I have not been able to find any commentary explaining why this bread is so often interpreted as a sprouted grain bread. If you know of one that references sources please put in the comments. Yes, there absolutely sprouted grain flour during the Biblical period. The standard sprouted grain flour was sprouted wheat. After sprouting, the wheat, now transformed through enzymic action to have sweetness and a pleasant complex taste, is dried, and then ground into flour. Barley is part of the Ezekiel grain mix. Contemporary American artisan bakers often add sprouted barley flour to their bread. That is the “malt” listed in the ingredients. It makes no sense that bread meant to demean, that will be defiled during baking by being baked over human shit, would have anything done to it to make it taste good.

In the context of the Bible’s Ezekiel story, this second mixed grain bread contrasts with first bread he is fed, one that is sweet, like honey. That first bread could well have been made with sprouted grain, or it could have made by gelatinizing some of the flour, a process that also creates a sweet tasting bread. This bread, the mixed grain bread, is a bread that contrasts with the first bread he is fed. His situation has changed. The focus of the story has changed. We go from day, from hope, to a hellish night: 390 days of torment. The bread makes this change, too.

The bakers making this bread for the bound prisoner will not have been authorized to expend their craft skills to make it as palatable as possible. Instead, if any work was expended on this bread by the bakers, it will have been to highlight bitterness, unpleasant smells, and any other unpleasantness that could be developed in the dough to make it as awful as possible.

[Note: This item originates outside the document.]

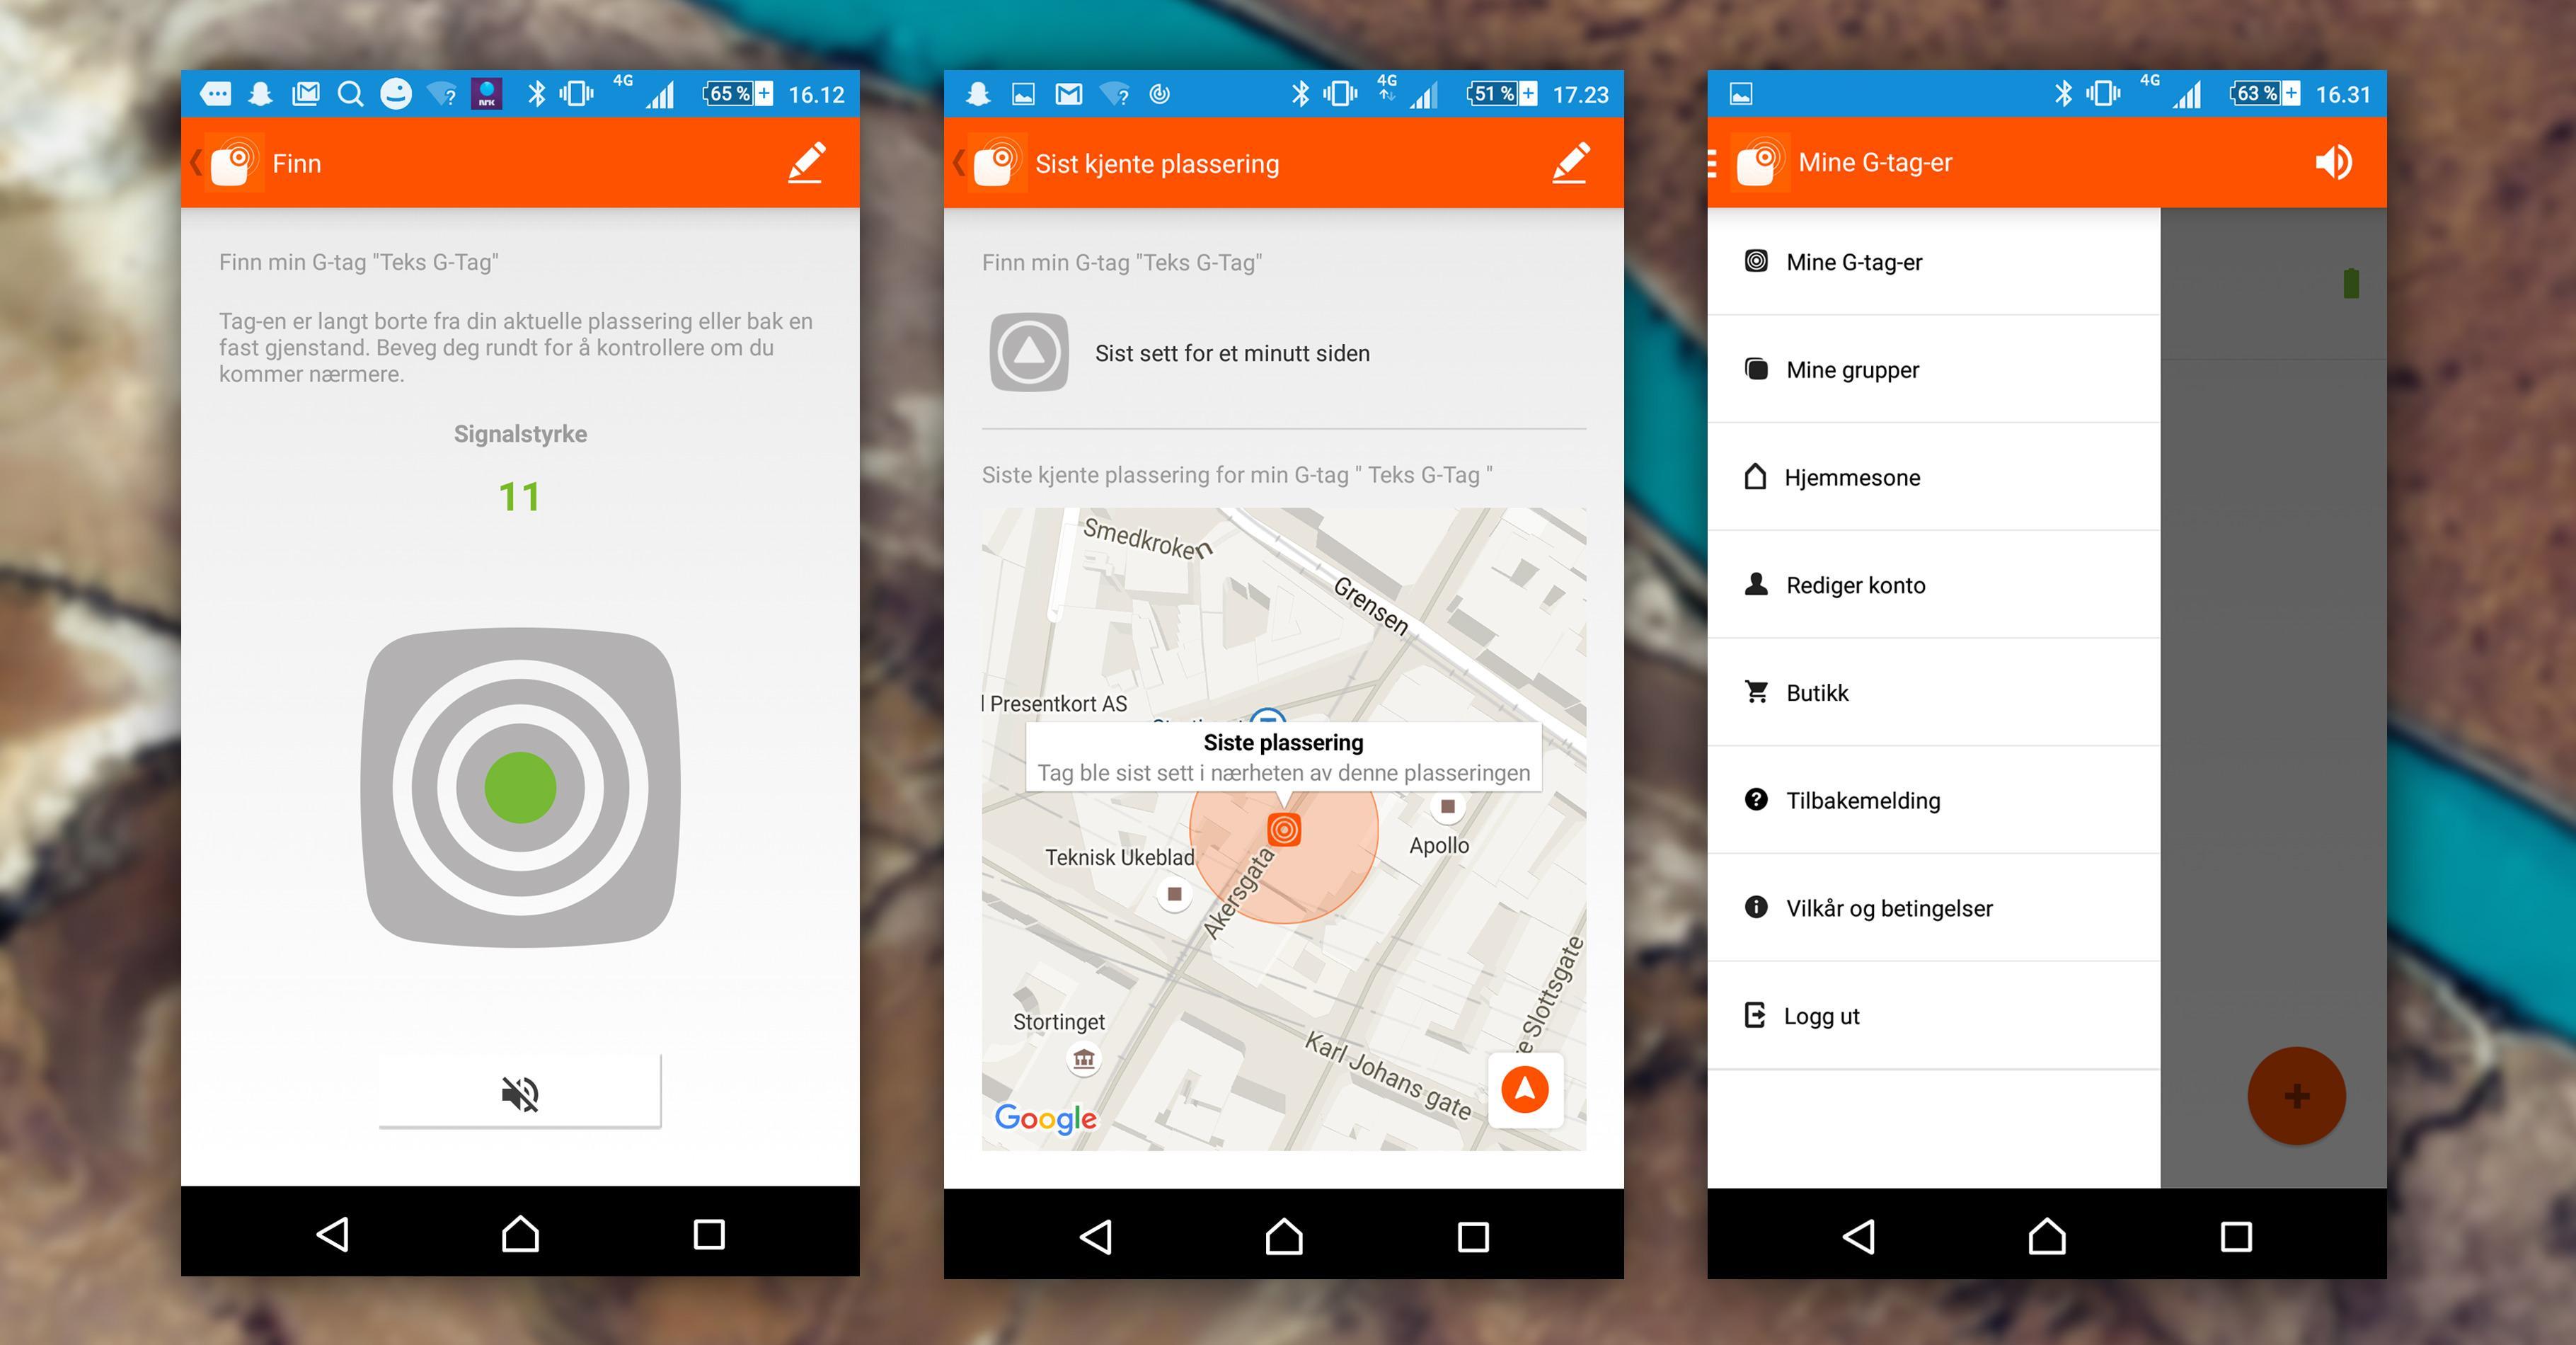 G-tag kommer utstyrt med en ganske pen app, som benytter en radarfunksjon til å fortelle deg hvor brikken befinner seg. I midten er et bilde av hjemmesonefunksjonen, som lar deg fininnstille radiusen hjemmesonen skal være innenfor.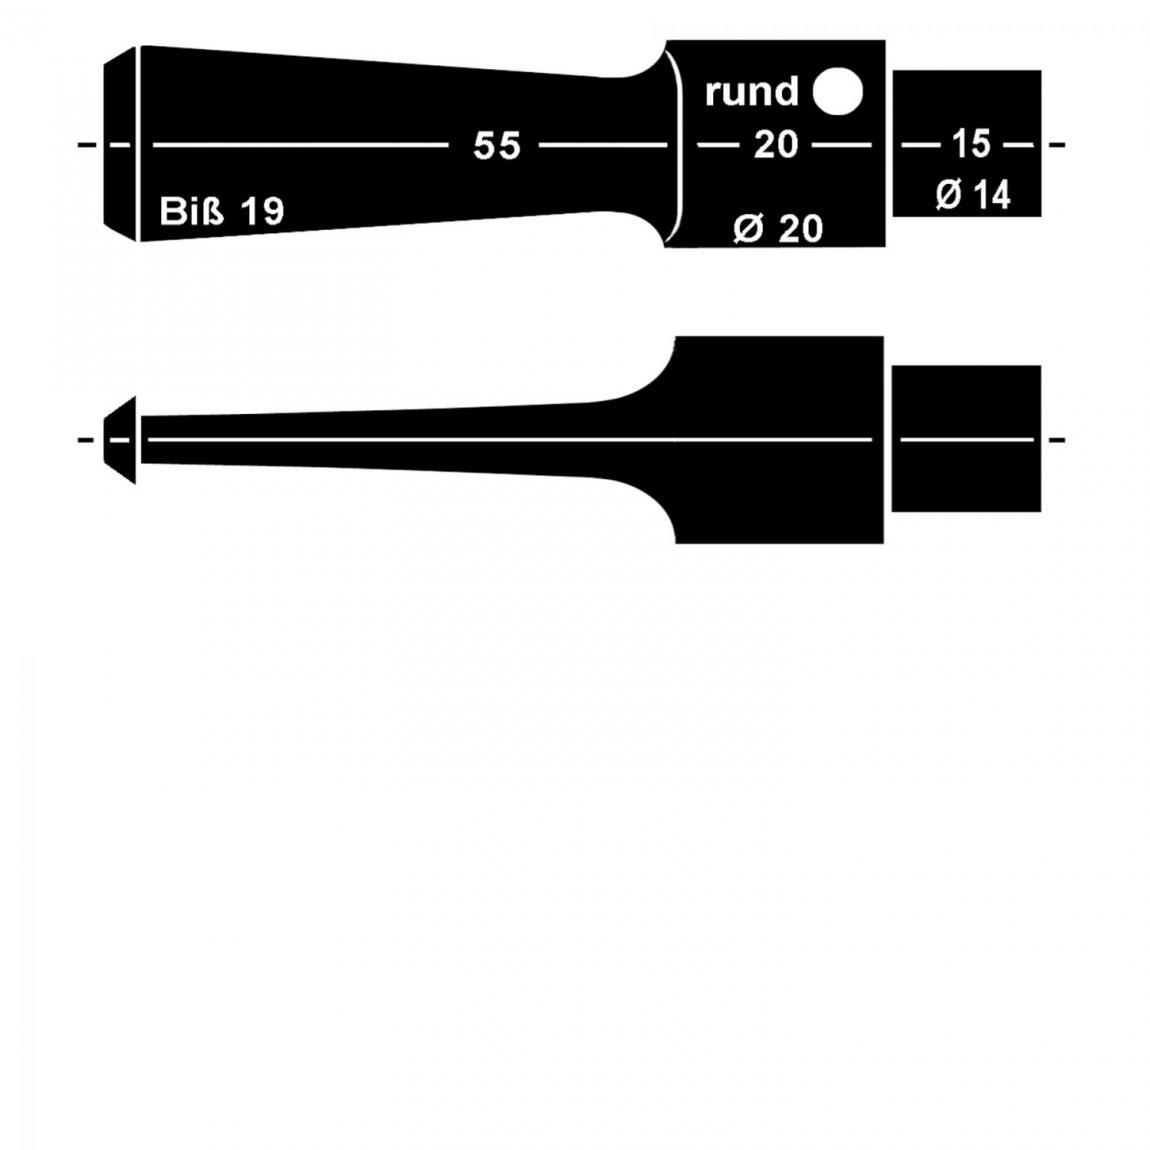 Mundstück aus Acryl Nr. 13 Sattel rund, vorgedreht ohne Filter

The pulses in the list of ingredients would have fermented quickly in the usually hot climate of the region, so I think we could imagine that after grinding the dough was mixed with water and left to sour, to over-sour so that it baked up into a dense, bran-filled, stinky cakes. That is more like what I imagine the poets who wrote this text had in mind — like the American prison nutriloaf — a bread meant to harm the soul even if it fed the body.

With very little vitamin C, and apparently no other foods served, this bread and water diet will have brought on scurvy, so that even if one managed on the 500 calories and the 1 liter of water per day, by the end, if not dead from scurvy, one would be suffering the horrible effects of vitamin C deficiency, bleeding gums, loose teeth, cognitive and behavioral issues, and much much much more awfulness, besides. That, I am pretty certain is what Ezekiel bread is all about. Awfulness.